それを考えれば、柳川にだけ厳しい意見をするのは気が引ける。
だが、こよなく柳川を愛する一個人として、街の歴史と情緒を大切にしてほしいと願っている。
おせっかいだが、希望項目を列挙すれば以下のようなところか。
船廻りのルートでは以前に比べ少し修景の改善が見られるが、街並は悲しいほど乱雑になってしまった。
区画整理で古い街並を壊している。時代に逆行していると思うのだが。
美観地区もなく、車の騒音がうるさく、主要な景観スポットに店の看板が入り乱れる。
水路を廻る城下町の情緒をフィーチャーする街並であるならば、舟から見える景観も、陸から見える景観も、さらに配慮がなされなければならないだろう。
堀に流れ込む丸い下水管、船から見える電柱。
街並に似合わない洋風の街路灯、街路灯から釣り下がる洋風のフラワーバスケット。
無粋なガードフェンス、ありきたりの標識、そして乱雑な家並。
橋やベンチは直線や尖ったエッジが多く、テキスチャも無機質。道路舗装も無機質。
食糧として輸入した外来タニシの卵は今でもどぎつい赤色を放つのだろうか。
堀に沈没したまま放置されている老朽船。観光客はどのような印象を持つだろうか。
なぜ中心部の主要な景観道路を歩行者専用にしないのだろうか。不思議だ。
団体客を優先したがために、「旅の恥は掻き捨て」という国際的にも恥ずべき悪徳に感化されてしまったのか。
ここを訪れるたびに城下町の情緒が打ち消されて行く。
富士の忍野と同様、好きな所が俗化されるのは寂しい。
Yanagawa Tojima residence
庭園は国の名勝。
庭園は良いとして、建物に驚いた。 まるで、殿様の隠れ家のようだ。
内装が非常に上品で快適。女性に好まれる繊細な仕様だ。
映画蝉しぐれに登場したお手かけの女性の隠れ家のようでもある。
殿様がお茶をたしなむために使われたといわれているが、実際は素敵な女性と親密な時間を持つ目的で使われたのではないだろうか。
大牟田
Omuta meganebashi
鍵がかかっていて中に入れない。
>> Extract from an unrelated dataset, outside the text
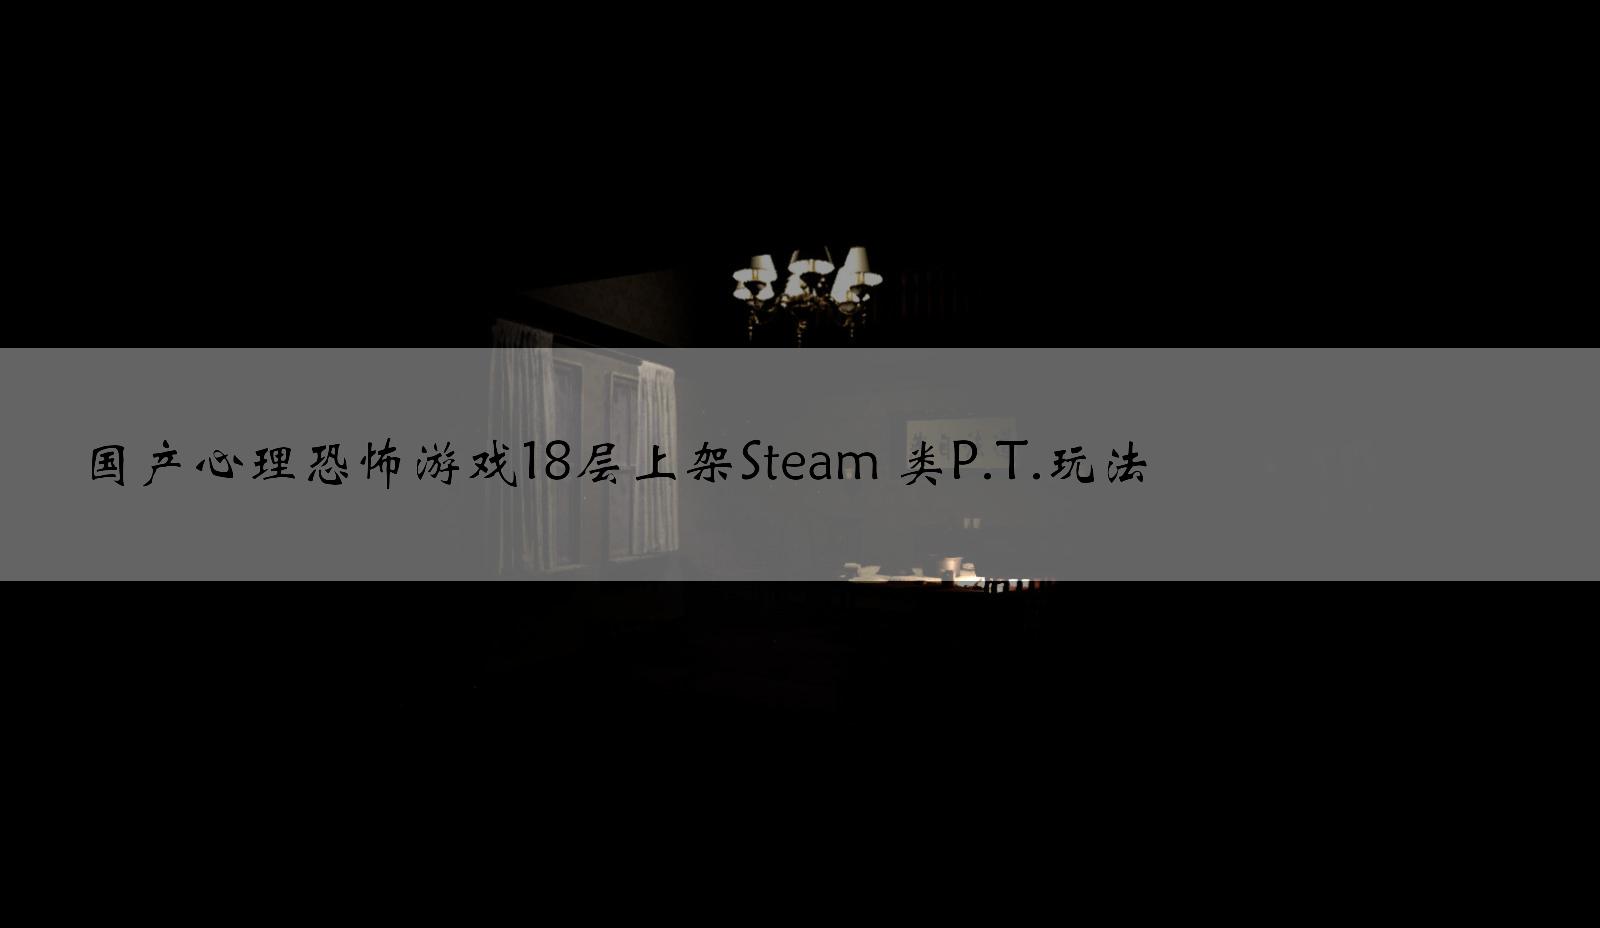 国产心理恐怖游戏18层上架Steam 类P.T.玩法

遠くから眺める。
Mitsui Miike Miyahara coal mine
夕日にレンガと鉄骨の縦坑廃墟がシルエットを描く。
ここで働き、生活し、死んでいった人々と日本の経済の歴史を刻む、貴重な遺産だ。
10年程前訪問したときには、まだあちことに炭鉱労働者の集合住宅、通称「炭住」があった。
とても暗い印象だったが、今ではすっかり取り払われ、野原に戻っていた。
戦後の栄光の時代を生きた三井鉱山も哀れな状況だ。
あの時撮影しておけばよかったが、後の祭り。
かろうじて残っている数軒を撮影することができた。
隣接して熊本県荒尾市
Mitsui Miike Banda coal mine
こちらは、さらに廃墟印象が強い。
トンネルのアーチ、レンガの建物、縦坑鉄骨、作業小屋。
この建物は各種映画のロケにぴったりだ。
今日の一番のインパクトは炭鉱遺産。ショックを受けた。炭鉱労働者を偲ぶ。
ぬばたまの よるのやみをと きしみたつ わがなりわひは ちのそこにあり
かなりやと ともにいりぬる やみがらす あすをもしれぬ いのちならなくに
大牟田にて
温度と湿度が高く過酷な労働だっただろう。閉所恐怖症の自分には耐えられない。
愛する家族のために命と引き換えに働いた人々。
多くの炭鉱事故を偲び、涙する。
日が暮れて、今日の宿探し。
山鹿温泉のまったりとした泉質が好きなのだが、時間が遅く、好みの宿が見つからない。
近くの玉名温泉へ。
Tamana onsen Chikusuien
一人なので古くて安い部屋にしたが、昨夜に負けないくらいの料理が出た。
湯はかけ流し。透明でさっぱりしている。
露天風呂はぬるめで気持ち良い。24時間入浴可能なのも嬉しい。
外来入浴客も積極的にとっており、ちょうど大勢の高校生でごったがえしていた。
若くてもマナーは良い。
深夜にもう一度入浴。やはり数名の外来客と一緒になった。
今夜は24日の月か。そろそろ細い三日月だ。